ID hashing vs encryption on public pages

Question

I've read a number of SO posts on this subject, but they seem to shrug it off as unimportant, so maybe if I give you my real world example that will affect the answer.

A system that manages contact lists and sends out emails, but allows the recipients to unsubscribe using a unique url.

Since this is a public page, it would be trivial for someone to just increment the ids and unsubscribe other users aswell.

I don't want to add a unique hash that I'd have to store in the database for each combination of user/contact/list.

What's the best approach to this? Are one of the following acceptable?

a) encrypt all the IDs and decrypt serverside

b) include a hash in the url based on the 3 IDs and a salt, and then confirm it server-side

Answer 1

My view as someone who spent several years writing newsletter software (SAAS).

create a hash for each user\joiner\member sans store it with there other details. use that in a link for un-subscription.

I always had 2 hashes in my link, one was the newsletter sending hash, then you can track which one they unsubscribed from, as well as the per personal hash.

If you do want to expire the unsub link after a certain amount of time, as suggested by Thilo, you can use the date the newsletter was sent as determined by the, newsletter sending hash, but you will want to give them an alternative method, if the link is deemed to old. Such as another email

obligatory piece of code.

$hash = md5(uniqid(true));

store in db field with unique index. If you prefer you could add the email address in the mix to but uniqid() is designed to be, well, unique.

Answer 2

As I understand your question and comments, your requirements are

• allow the user to unsubscribe with 1 click on a link
• don't store any individual tokens in your database

You are going to have an action on your server triggered by a http GET request, like

http://youremailsystem.tl/unsubscribe&user=12&contact=34&list=56

While your suggestion 1), encryption, adds the additional benefit of privacy (the URL does not give away what action with which parameters is performed), number 2) is the simpler approach.

You should use a MAC function to sign your URL parameters. The input will be your parameters that you want to sign plus a secret key, that never leaves your server.
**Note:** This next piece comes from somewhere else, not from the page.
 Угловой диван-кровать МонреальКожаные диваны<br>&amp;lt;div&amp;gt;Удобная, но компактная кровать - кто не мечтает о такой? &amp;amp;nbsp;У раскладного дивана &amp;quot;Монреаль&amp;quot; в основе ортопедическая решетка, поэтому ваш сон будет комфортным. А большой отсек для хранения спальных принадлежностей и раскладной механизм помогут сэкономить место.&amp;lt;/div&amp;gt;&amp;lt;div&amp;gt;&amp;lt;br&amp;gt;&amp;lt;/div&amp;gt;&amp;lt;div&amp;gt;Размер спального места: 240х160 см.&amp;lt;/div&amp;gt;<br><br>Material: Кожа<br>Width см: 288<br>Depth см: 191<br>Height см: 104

$signature = hash_hmac('sha256', $url, $mysecretkey);
$url = $url . '&signature=' . $signature;

Which makes the signature part of the unsubscribe URL in your email.

http://youremailsystem.tl/unsubscribe&user=12&contact=34&list=56&signature=b1812e463a7

Whenever a GET request comes in, you can verify that the parameters have not been changed.

Rough code:

// extract sent signature from url:
$sent_signature = //substr($sent_url ...

// strip signature from URL:
$sent_url = //substr($sent_url ...

// repeat hashing:
$correct_signature = $signature = hash_hmac('sha256', $sent_url, $mysecretkey);

if( $sent_signature == $correct_signature ) {
    // do the unsubscribe
}

Note that any URL can be called repeatedly, so make sure you never re-use any of your IDs, or else you would enable an ex-user to unsubscribe a newer user much later that now has their ID.

Answer 3

Use the email address along with user id (for possible duplicate addresses in your list(s)) in your hash for each user. store the hash along with the address in the db.
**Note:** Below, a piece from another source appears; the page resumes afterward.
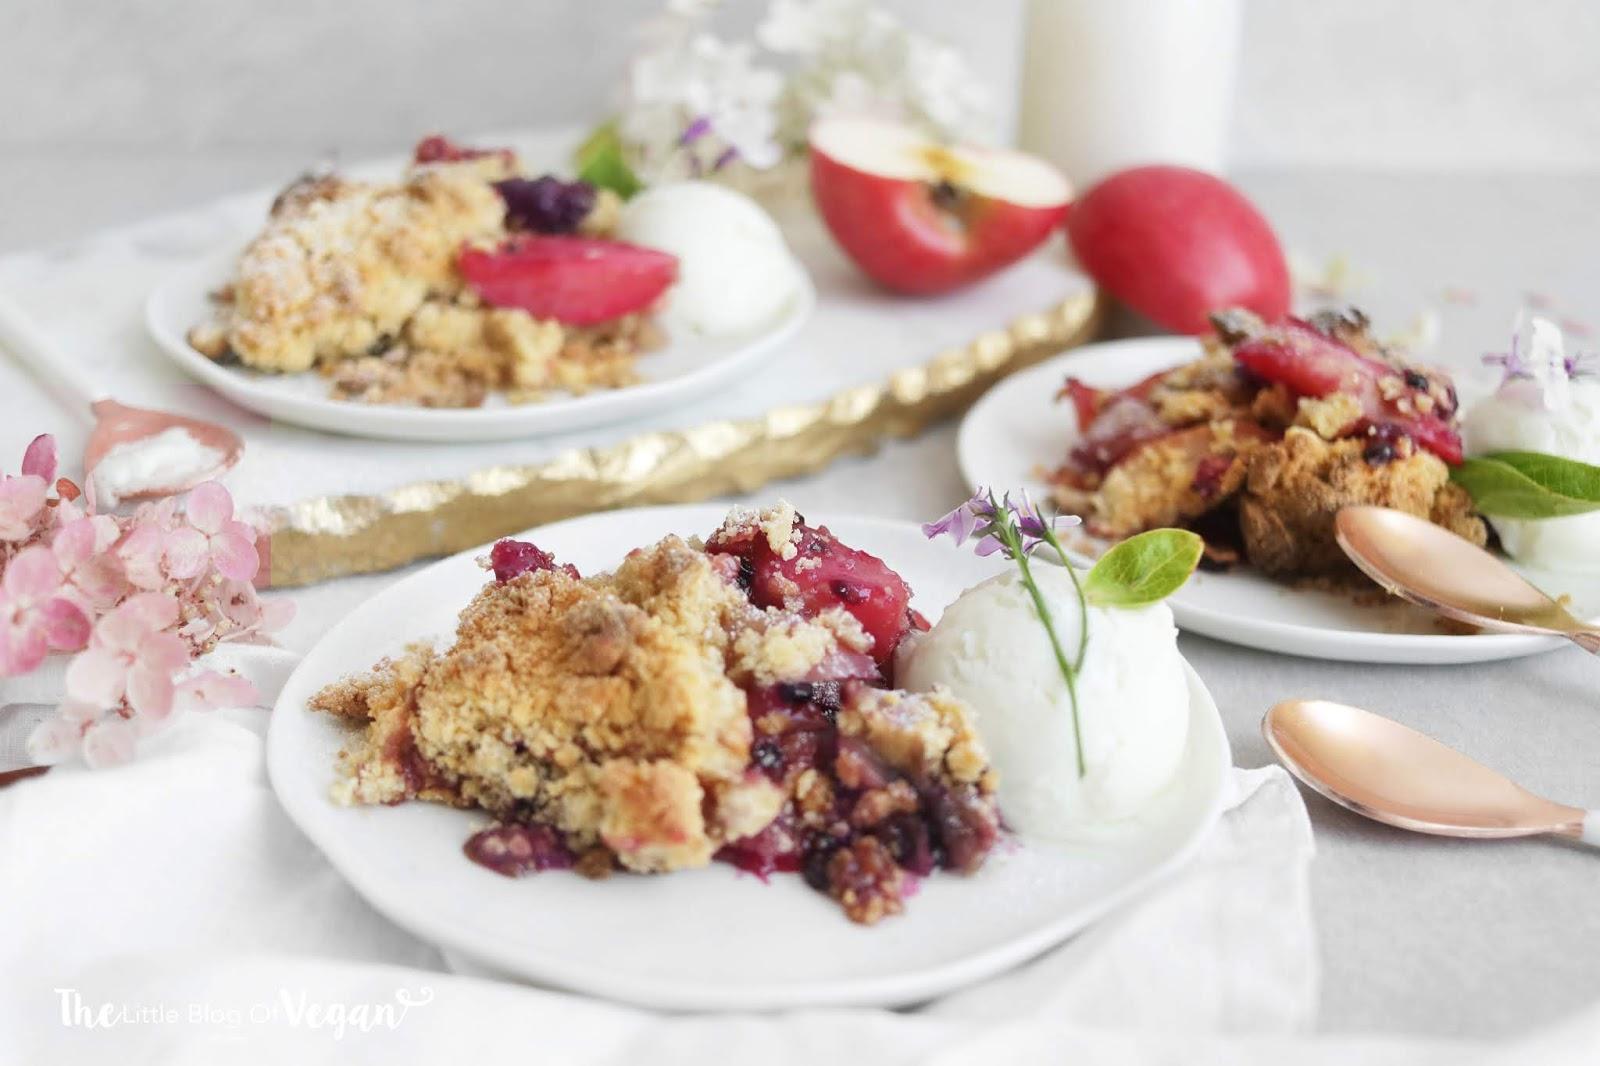 Blackberry & apple crumble recipe

This way it is hard to reproduce the hash if you do not know the other users email.

Answer 4

Why the reluctance to create an unique token for each user? You DON'T have to create it for each combination you describe (user/contact/list), but just for the user you associate with an emailaddress.

Then use that single token for each action. And change it after it is used. Just generated 20 random numbers of something. It is easy and safe.

Answer 5

All mailing lists I have every used sent me a confirmation mail to unsubscribe with a presumably random and unique token in there that expires after a few hours.

I don't want to add a unique hash that I'd have to store in the database for each combination of user/contact/list.

You don't have to create them in advance or store them indefinitely. You can create random tokens when your receive an unsubscribe request, and delete it when done or expired.